◆ **What you need to do**
Exercise in exact copying: restate word for word only the lines below from the one containing "獨棟家庭住宅 為 出售" through the one containing "légumes bio sur la table photo", omitting any pictures.

◆ **Records for the exercise**
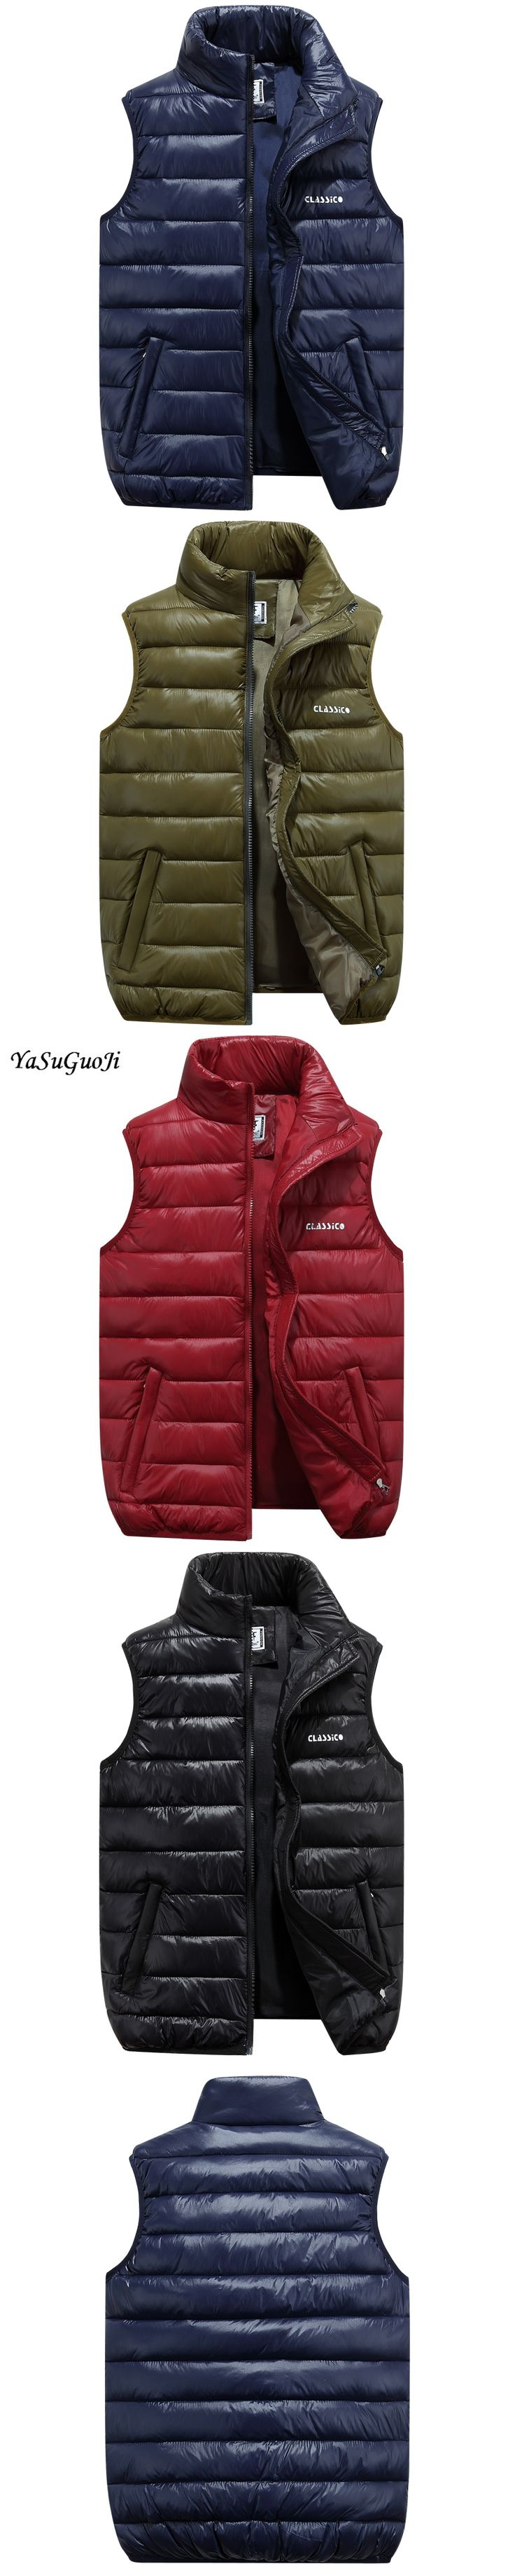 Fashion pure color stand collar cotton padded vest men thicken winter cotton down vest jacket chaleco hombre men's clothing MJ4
* * *
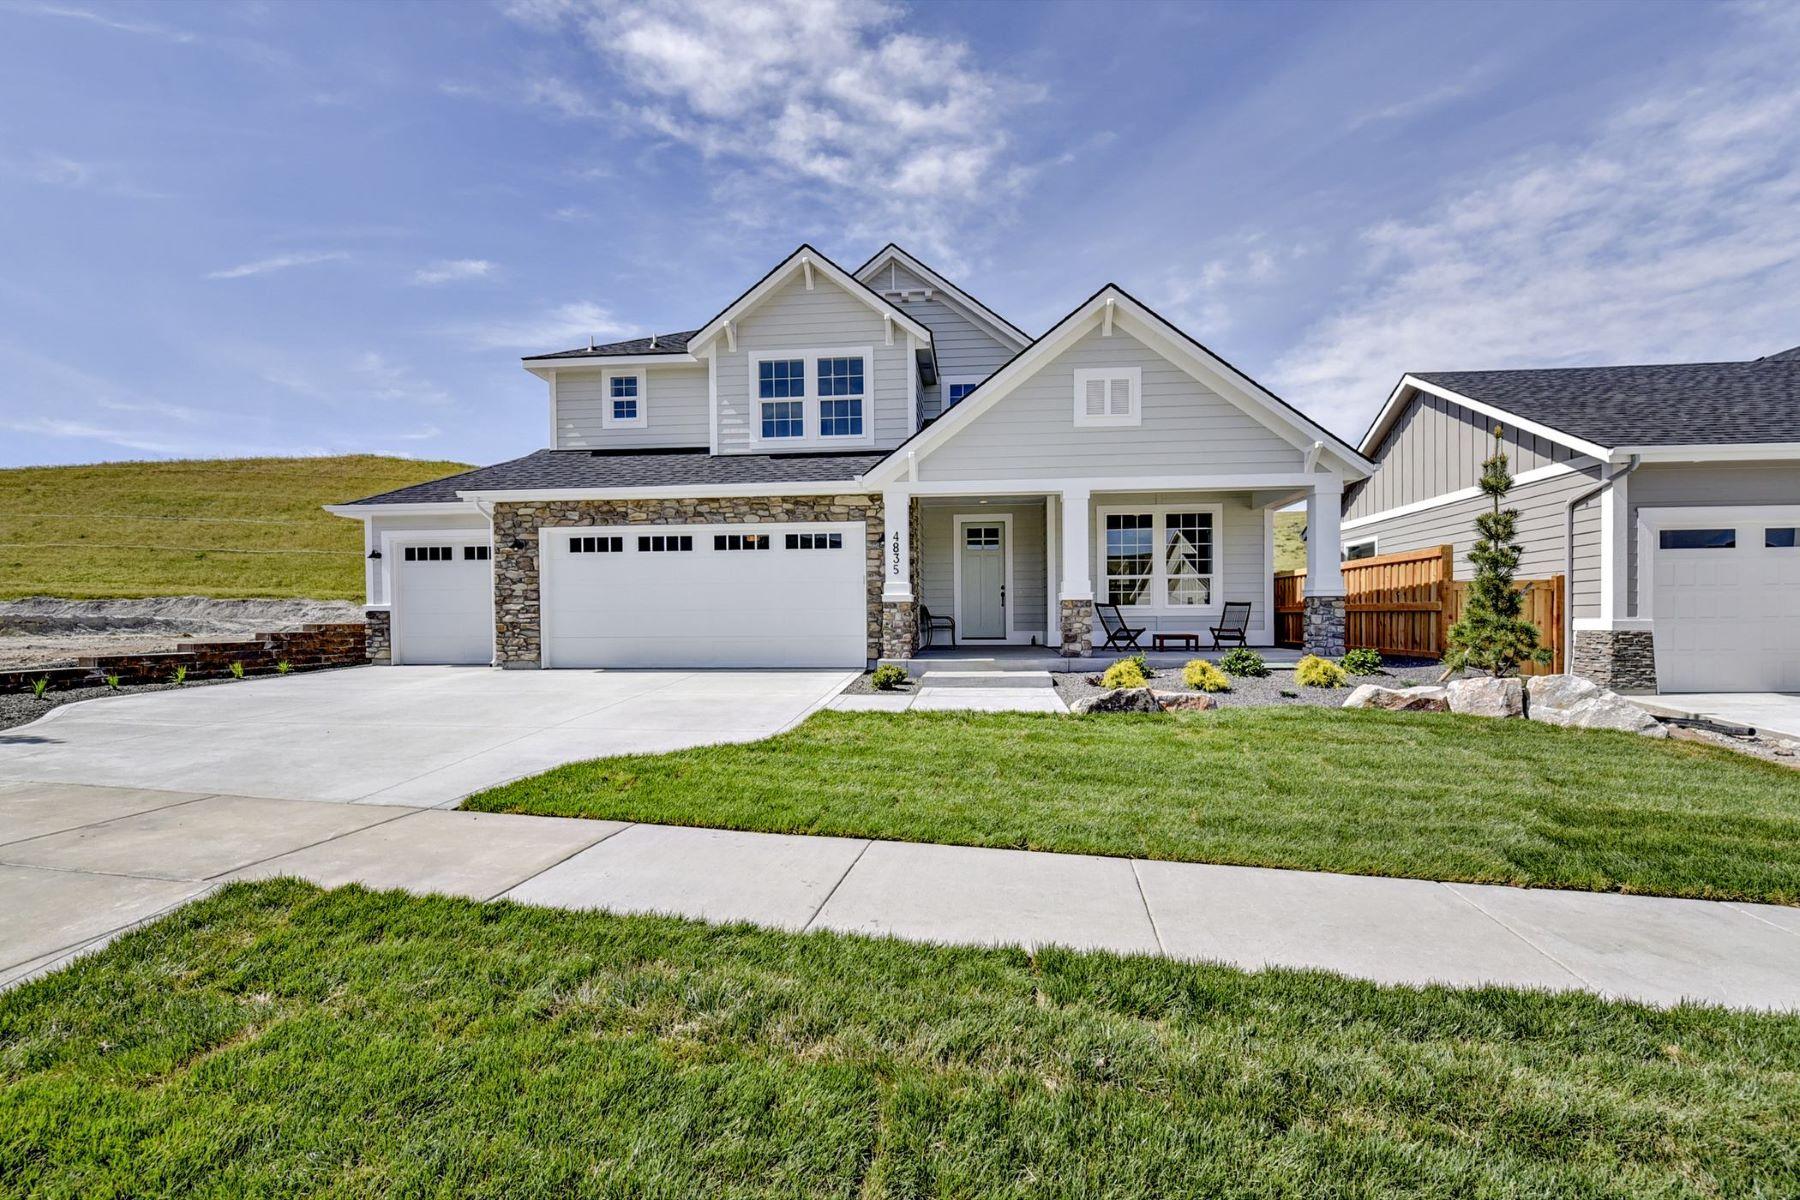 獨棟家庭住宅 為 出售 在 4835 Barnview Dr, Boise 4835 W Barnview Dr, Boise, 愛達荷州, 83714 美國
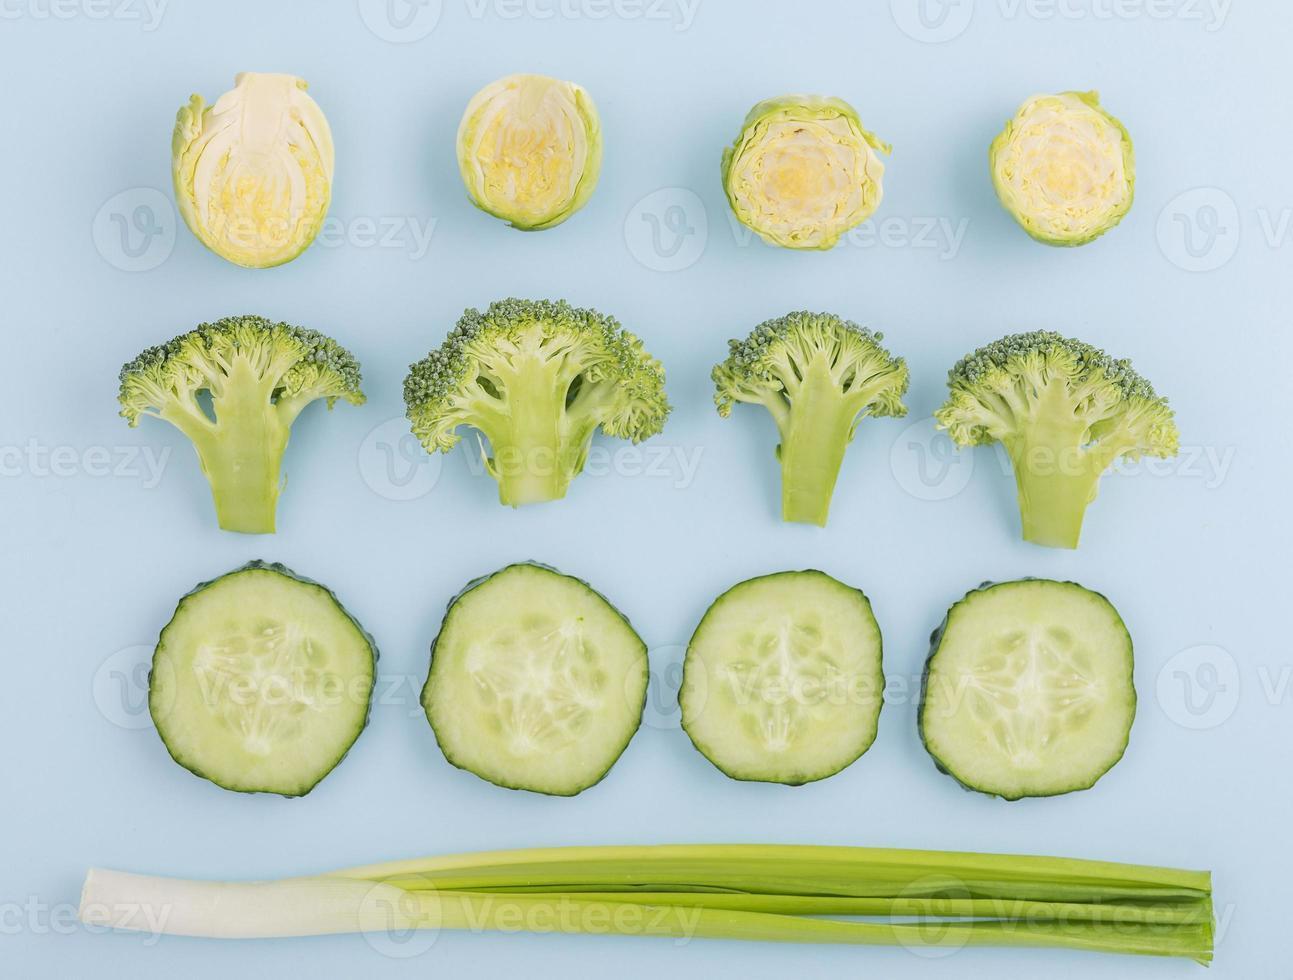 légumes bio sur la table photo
...
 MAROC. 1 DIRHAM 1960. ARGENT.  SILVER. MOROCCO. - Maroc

◆ **Task response**
 獨棟家庭住宅 為 出售 在 4835 Barnview Dr, Boise 4835 W Barnview Dr, Boise, 愛達荷州, 83714 美國
 légumes bio sur la table photo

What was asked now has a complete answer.